2. ID.; PROOF OF THE CAUSE OF THE FIRE. —
When the evidence relative to the cause of a fire and the author thereof is so
vague and doubtful, the insured cannot be attributed incendiary intervention
therein for the mere fact that he had the keys to the unoccupied building in
his possession.
3. ID.; FRAUDULENT CLAIMS. — A person, who
presents a claim for damages caused by fire to articles and goods not existing
at the time of the fire, does so fraudulently, and his claim is fraudulent.
4. ID.; ID. — When, immediately after a
fire that broke out inside a completely locked building, lasting scarcely 27
minutes, only about ten or eleven partly burned and scorched cases, some
containing textiles and wrapping paper and others, statues of saints, have been
found without any trace of the destruction of other cases by said fire, it can
neither logically nor reasonably be inferred that 40 of said cases were inside
the building when the fire broke out.
D E C I S I O N
VILLA-REAL, J p:
This is an appeal taken by the defendant
companies Baloise Fire Insurance Co., Sun Insurance Office Ltd., and
Springfield Insurance Co., represented by Kuenzle & Streiff, Inc., from the
judgment of the Court of First Instance of Manila, the dispositive part of
which reads as follows:
"Wherefore, judgment is rendered
ordering the defendant insurance companies to pay to the plaintiffs Salomon
Sharruf and Elias Eskenazi the total amount of P40,000 plus interest thereon at
8 per cent annum from the date of the filing of the complaint, with the costs
of the trial. The defendants shall pay this judgment jointly in proportion to
the respective policies issued by them. The plaintiffs Salomon Sharruf and
Elias Eskenazi shall recover the judgment share and share alike, deducting from
the portion of the plaintiff Elias Eskenazi the sum of P3,000 which belongs and
shall be turned over to the intervenor E. Awad & Co., Inc. It is so
ordered."
In support of their appeal the appellants
assign the following alleged errors as committed by the court a quo in its
decision in question, to wit:
"1. The lower court erred in holding,
that Salomon Sharruf and Elias Eskenazi had personality to sue, either as a
partnership or individually, and therefore, an insurable interests.
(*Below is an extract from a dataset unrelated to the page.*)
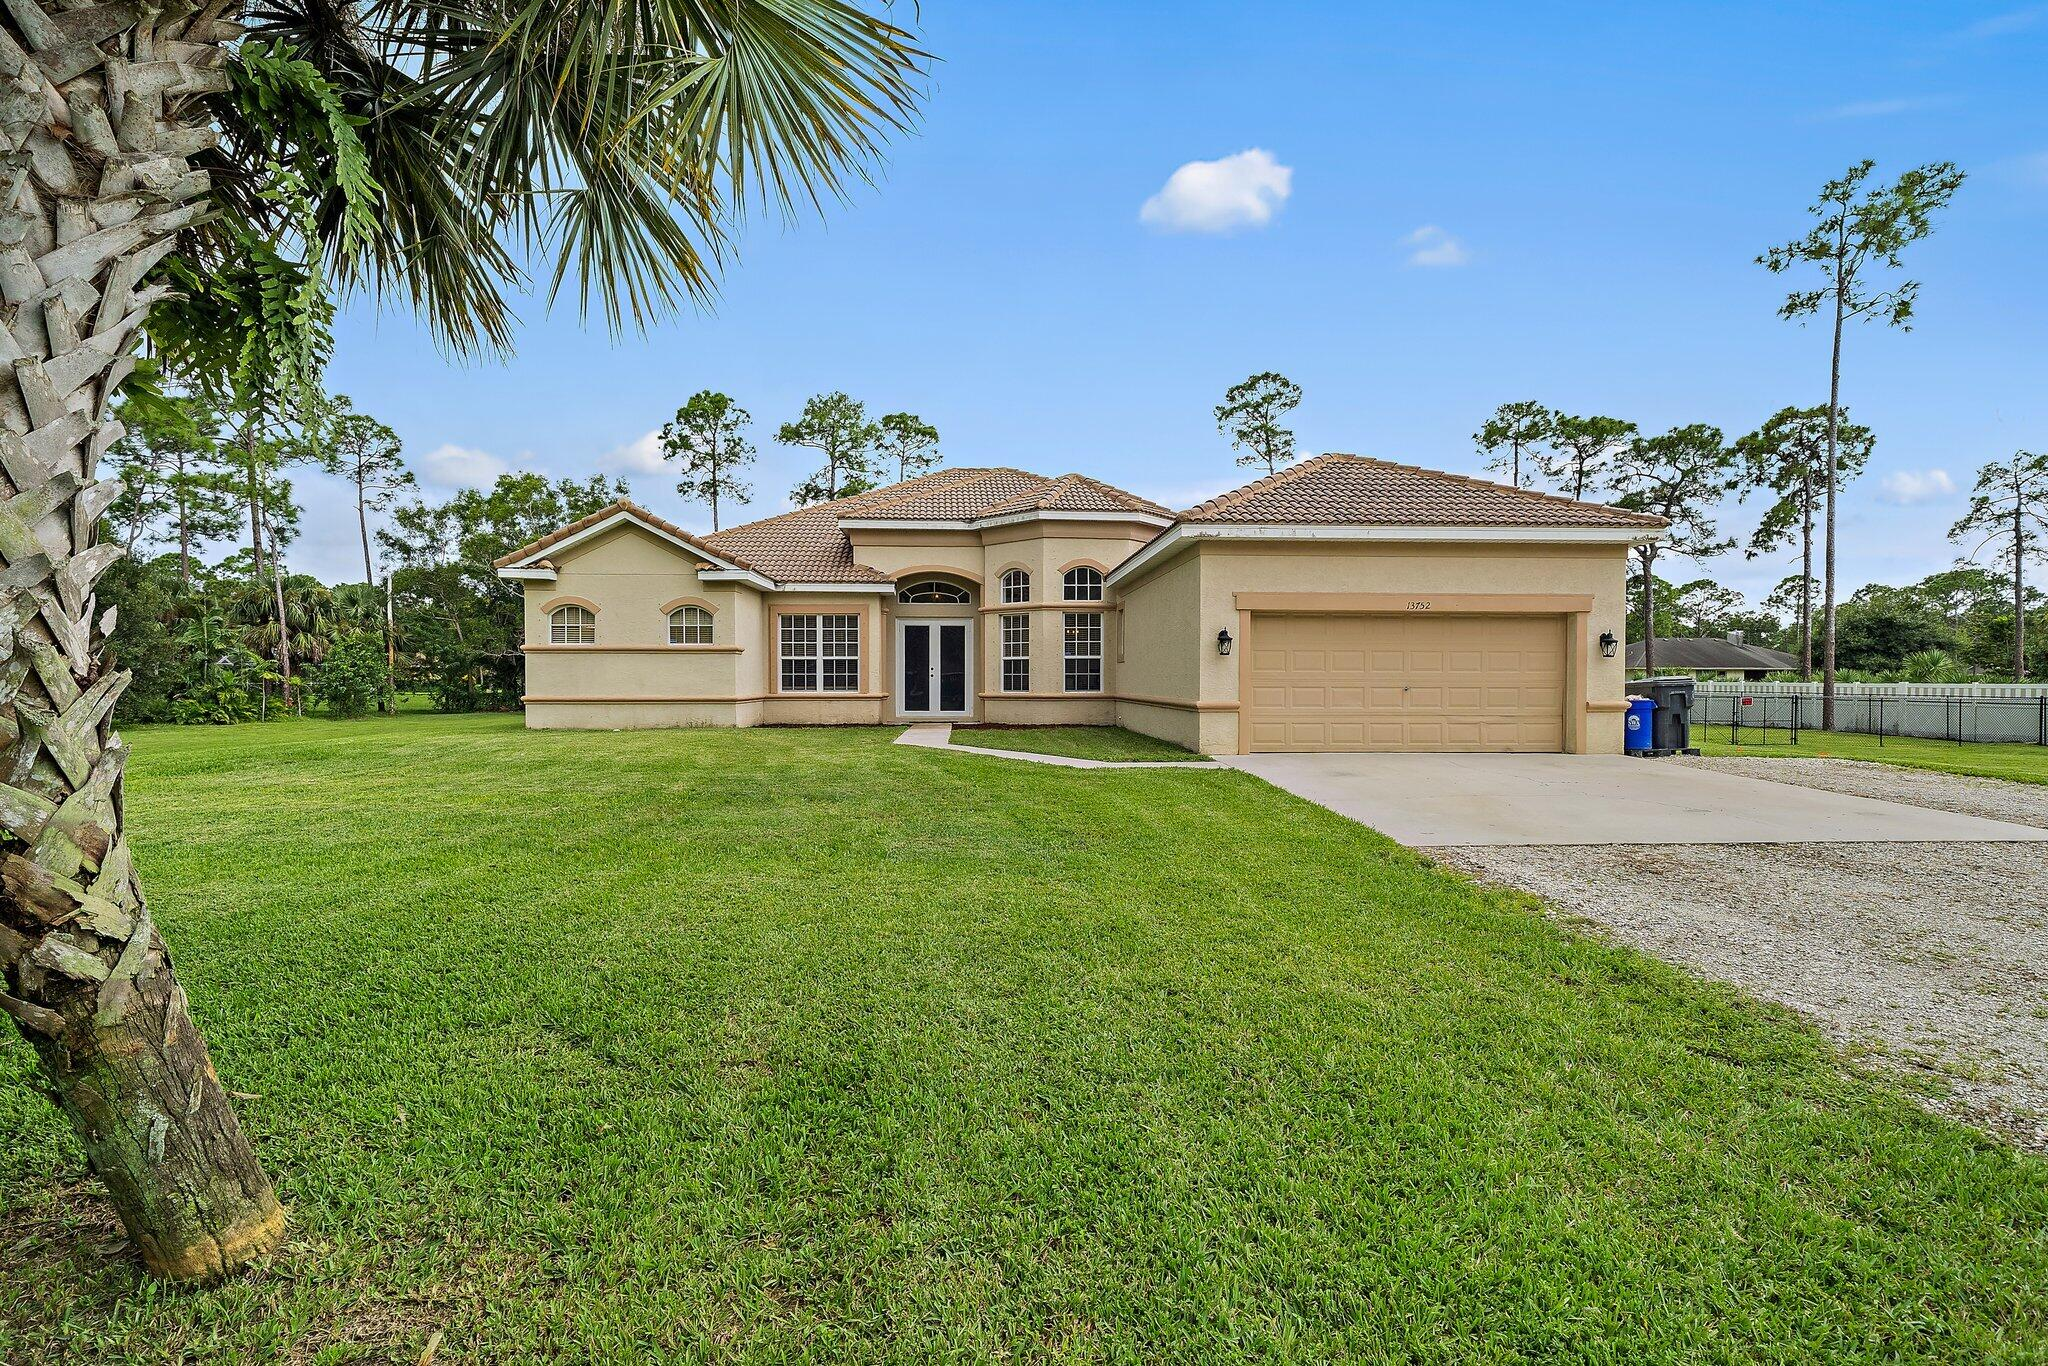 Home for sale in The Acreage, Loxahatchee, Royal Palm Beach Acreage West Palm Beach Florida

"2. The lower court erred in holding,
that the fire that broke out in the premises at Nos. 299-301 Muelle de la
Industria of this city, occupied by the alleged plaintiffs, was not of
incendiary origin.
"3. The lower court erred in holding,
that the 'idea of using petroleum in the fire in question, surged after the
fire for the purpose of making it appear as a part of the evidence.'
"4. The lower court erred in holding,
that the claim of loss filed by the alleged plaintiffs was not fraudulent, but
merely inaccurate, due to the peculiar circumstances of the case, such as the
loss of invoices and sales-slips.
"5. The lower court erred in
sentencing the defendants to pay jointly to the alleged plaintiffs the sum of
P40,000, with interest thereon at the rate of 8 per cent per year and costs.
"6. The lower court erred in
overruling defendants' motion for new trial and in failing to dismiss the case
altogether, with costs against the alleged plaintiffs."
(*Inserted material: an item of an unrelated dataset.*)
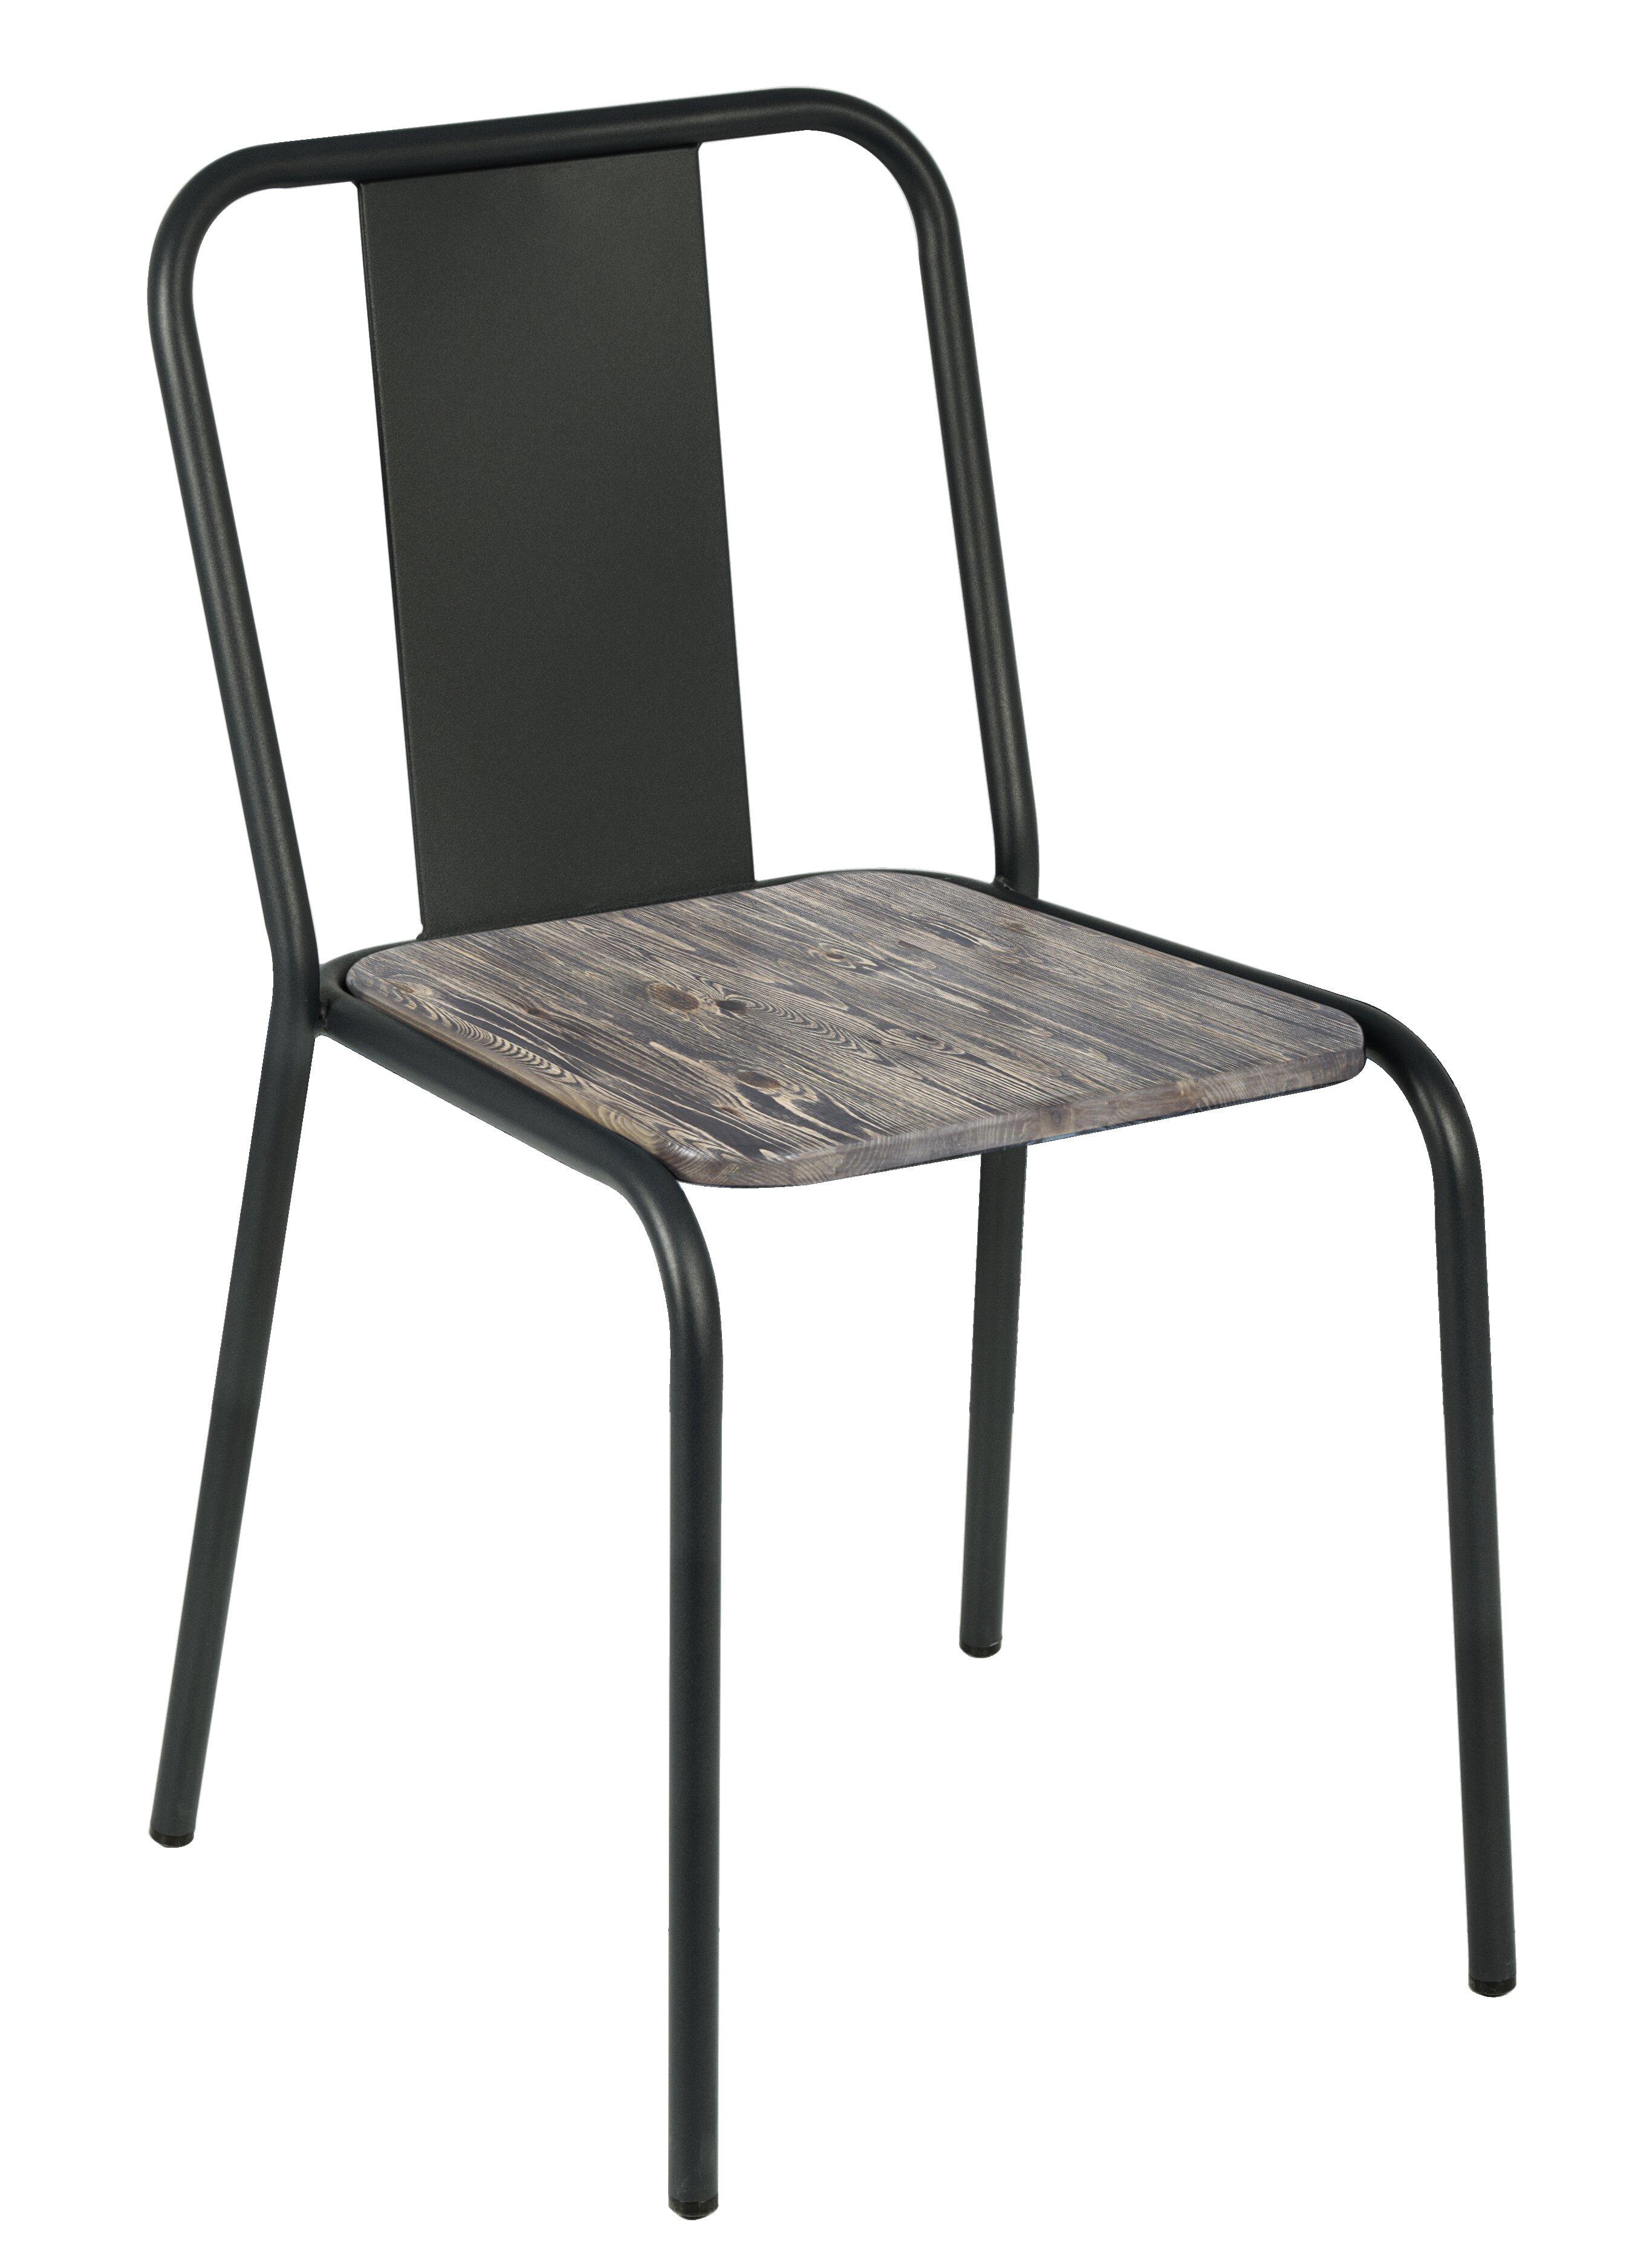 Sainsbury Stacking Garden Chair

The preponderance of the evidence shows the
existence of the following facts:
In the months of June and July, 1933, the
plaintiffs Salomon Sharruf and Elias Eskenazi were doing business under the
firm name of Sharruf & Co. As they had applied to the defendant companies
for insurance of the merchandise they had in stock, the latter sent their
representative P. E. Schiess to examine and assess it. On July 25, 1933, the
defendant insurance companies issued insurance policies Exhibits D, E, and F in
the total amount of P25,000 in the name of Sharruf & Co. On August 15,
1933, the defendant Springfield Insurance Co. issued an additional policy
(Exhibit G) in the sum of P15,000 in favor of said firm Sharruf & Co., raising
the total amount of the insurance on said merchandise to P40,000. On August 26,
1933, the plaintiffs executed a contract of partnership between themselves
(Exhibit A) wherein they substituted the name of Sharruf & Co. with that of
Sharruf & Eskenazi, stating that Elias Eskenazi contributed to the
partnership, as his capital, goods valued at P26,299.94 listed in an inventory
Exhibit B. It was likewise stated in said contract that Salomon Sharruf brought
to said partnership, as his capital, goods valued at P24,205.10, appearing in
the inventories Exhibits C and C-1. The total value of the merchandise
contributed by both partners amounted to P50,505.04. Part of said merchandise,
most of which were textiles, was sold for P8,000, leaving goods worth P43,000.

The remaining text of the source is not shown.